Homework 4

Homework 4#

Note

You are free to discuss these questions with your classmates and on our class slack, but you must write your own solutions, including your own source code.

All code should be uploaded to Brightspace along with any analytic derivations, notes, etc.

  1. The Hilbert matrix, \({\bf H}\) is defined such that its elements are:

    \[H_{ij} = (i + j -1)^{-1}\]

    for \(i = 1, \ldots, N\) and \(j = 1, \ldots, N\). This matrix is known to have a large condition number. Here we will explore the influence of this by solving progressively larger linear systems.

    Define a vector:

    \[{\bf x}^{(N)} = (0, 1, \ldots, N-1)^T\]

    and call the \(N\times N\) Hilbert matrix \({\bf H}^{(N)}\). Define the righthand side of a linear system simply as:

    \[{\bf b}^{(N)} = {\bf H}^{(N)} {\bf x}^{(N)}\]

    Using Gaussian elimination (you can use my code on the website or a built-in version in whatever language you are using), solve the system

    \[{\bf H}^{(N)} \tilde{\bf x} = {\bf b}^{(N)}\]

    for \(N = 2, \ldots, 15\).

    Define the error in your solution as

    \[\epsilon = \max |\tilde{\bf x} - {\bf x}^{(N)} |\]
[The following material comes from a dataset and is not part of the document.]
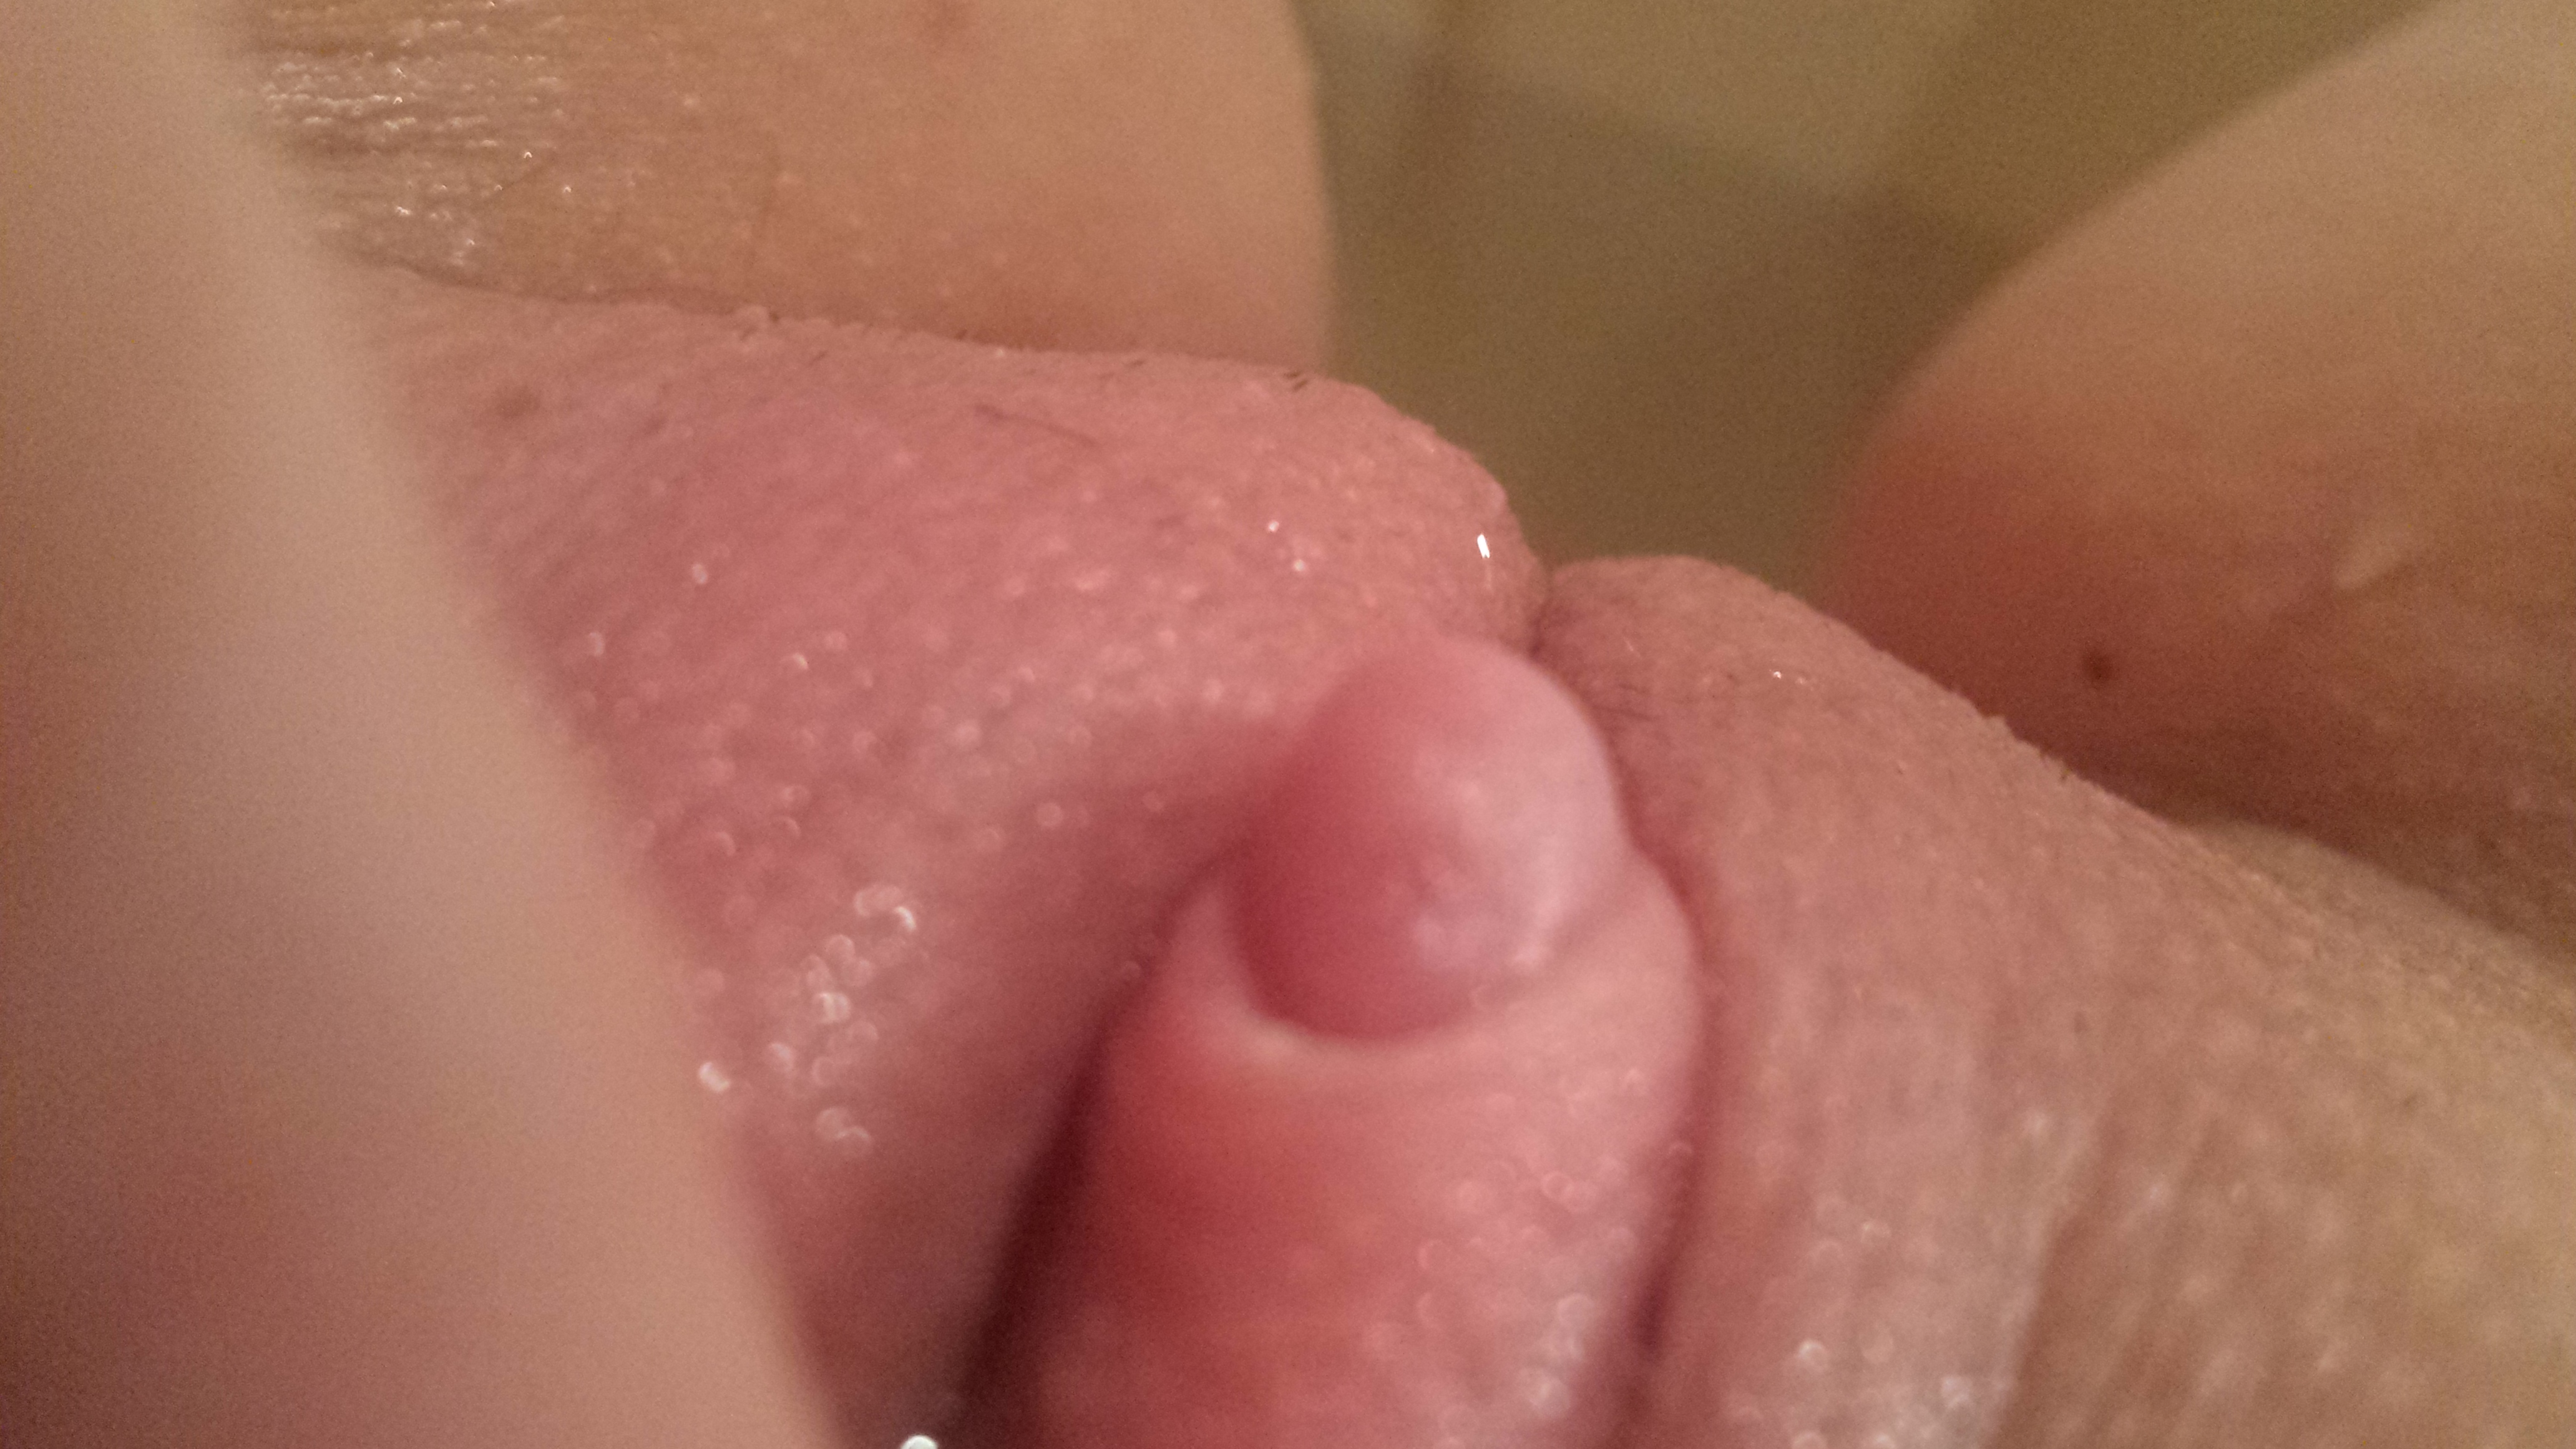 How do you like my clit? Porn Pic - EPORNER

    For what value of \(N\) does this error become \(\mathcal{O}(1)\)?—i.e. even the first digit in your computed solution is wrong.

    Note

    Some languages have a built-in routine to compute the condition number, if you can do so easily, compute the condition number of the matrix for each \(N\) and comment on how this is reflected in your solution.

  2. A convolution is defined as:

    \[(f \star g)(t) \equiv \int_{-\infty}^{\infty} f(\tau) g(t - \tau) d\tau\]

    It is easy to compute this with FFTs, via the convolution theorem:

    \[\mathcal{F}\{f \star g\} = \mathcal{F}\{f\} \, \mathcal{F}\{g\}\]

    Here \(\mathcal{F}\{\}\) indicates taking the Fourier transform. That is the Fourier transform of the convolution of \(f\) and \(g\) is simply the product of the individual transforms of \(f\) and \(g\). This allows us to compute the convolution via multiplication in Fourier space and then take the inverse transform, \(\mathcal{F}^{-1}\{\}\), to recover the convolution in real space:

    \[f \star g = \mathcal{F}^{-1}\{ \mathcal{F}\{f\} \, \mathcal{F}\{g\}\}\]

    The file signal.txt contains data of a function polluted with noise. We want to remove the noise to recover the original function. The three columns in the file are: \(x\), \(f^\mathrm{(orig)}(x)\), and \(f^\mathrm{(noisy)}(x)\).

    Consider the following kernel:

    \[q^\mathrm{gauss}(x) = \frac{1}{\sigma \sqrt{2 \pi}}\, e^{-\frac{1}{2} (x/\sigma)^2}\]

    You are free to choose the width of the Gaussian, \(\sigma\).

    • Make the kernel periodic on the domain defined by the \(x\) in the signal.txt file. You can do this simply by left-right flipping the definitions above and applying them at the far end of the domain.

      Make sure that your kernel function is normalized by ensuring that it sums to \(1\) on the domain. You might need to sum up the values and divide by the sum.

    • Plot the noisy function, \(f^\mathrm{(noisy)}(x)\), and the kernel together.

    • Take the FFT (or DFT) of \(f^\mathrm{(noisy)}(x)\) and the FFT of the kernel and plot them.

    • Compute the convolution of \(f^\mathrm{(noisy)}(x)\) and \(q(x)\) in Fourier space and transform back to real space, and plot the de-noised function together with the original signal from the signal.txt (i.e., \(f^\mathrm{(orig)}(x)\)).

    • Experiment with the tunable parameter, \(\sigma\), to see how clean you can get the noisy data and comment on what you see.

This process is used a lot in image processing both to remove noise and to compensate for the behavior of cameras to sharpen images. In image processing programs, this is what is done in the Gaussian blur transform.